I should also make a small note here. I've realized that students (high school and U) make up a huge portion of the TTC ridership. This March Break I am finding I can easily get a seat with no hassle.
Well there are 102,750 less people using the system, which should empty one or two seats on your bus.
You should look at this spacing article
http://spacing.ca/wire/?p=2855

untitle12d.jpg

http://www12.statcan.ca/english/census06/data/topics/RetrieveProductTable.cfm?Temporal=2006&APATH=3&PID=90657&THEME=76&PTYPE=88971&VID=0&GK=NA&GC=99&FL=0&RL=0&FREE=0&METH=0&S=1&GID=838003
 
I should also make a small note here. I've realized that students (high school and U) make up a huge portion of the TTC ridership. This March Break I am finding I can easily get a seat with no hassle.

It's not March Break for U of T students unfortunately.

However, you can bet that a lot of people in general are taking time off to spend with their younger children, whether going on a trip or staying in the city.
 
As far as I know, the TTC DID prioritize, Sheppard was the busiest bus from what I have heard on these boards.
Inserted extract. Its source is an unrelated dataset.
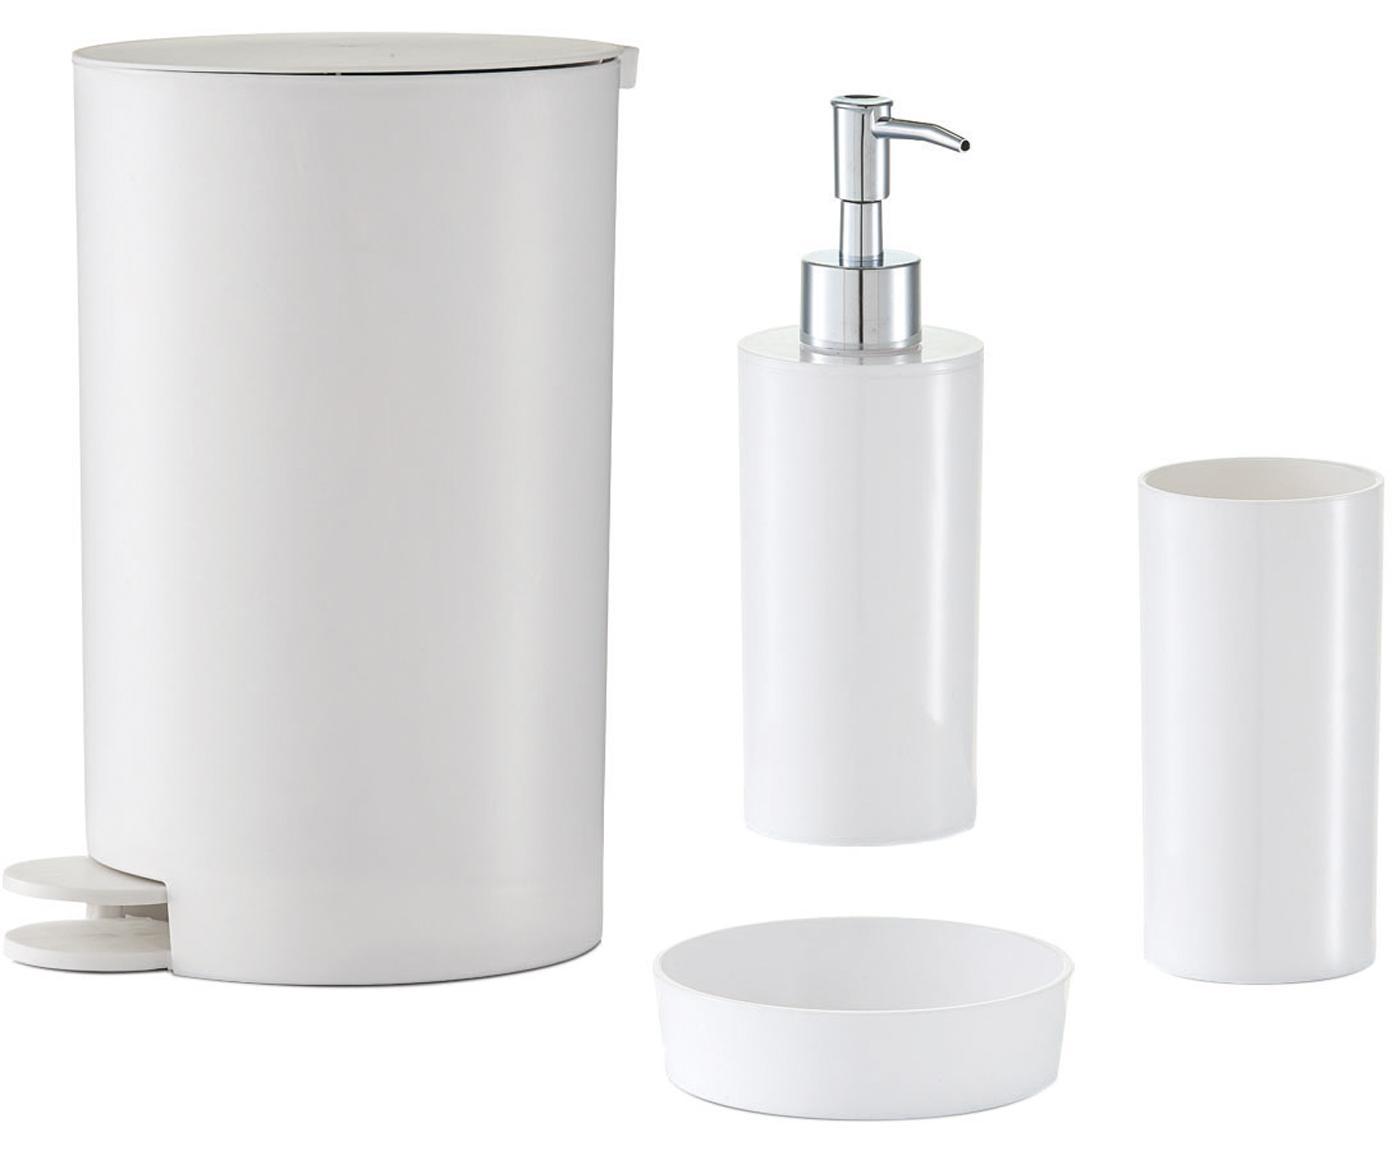 Badkamerset Maxim, 4-delig, Kunststof, Wit, Verschillende groottes

It makes sense that the busiest bus would get the subway. Downtown is already served by streetcars. And the TTC doesn't seem interested in building subways downtown. Wherever you build a subway, it's going to be controversial. Nobody in the 416 wants a subway to VCC. Yet we're getting it. Everyone said you needed to build a DRL before expandding the Yonge line. Yet they're expanding the Yonge line. It's just politics that decides this, not real need.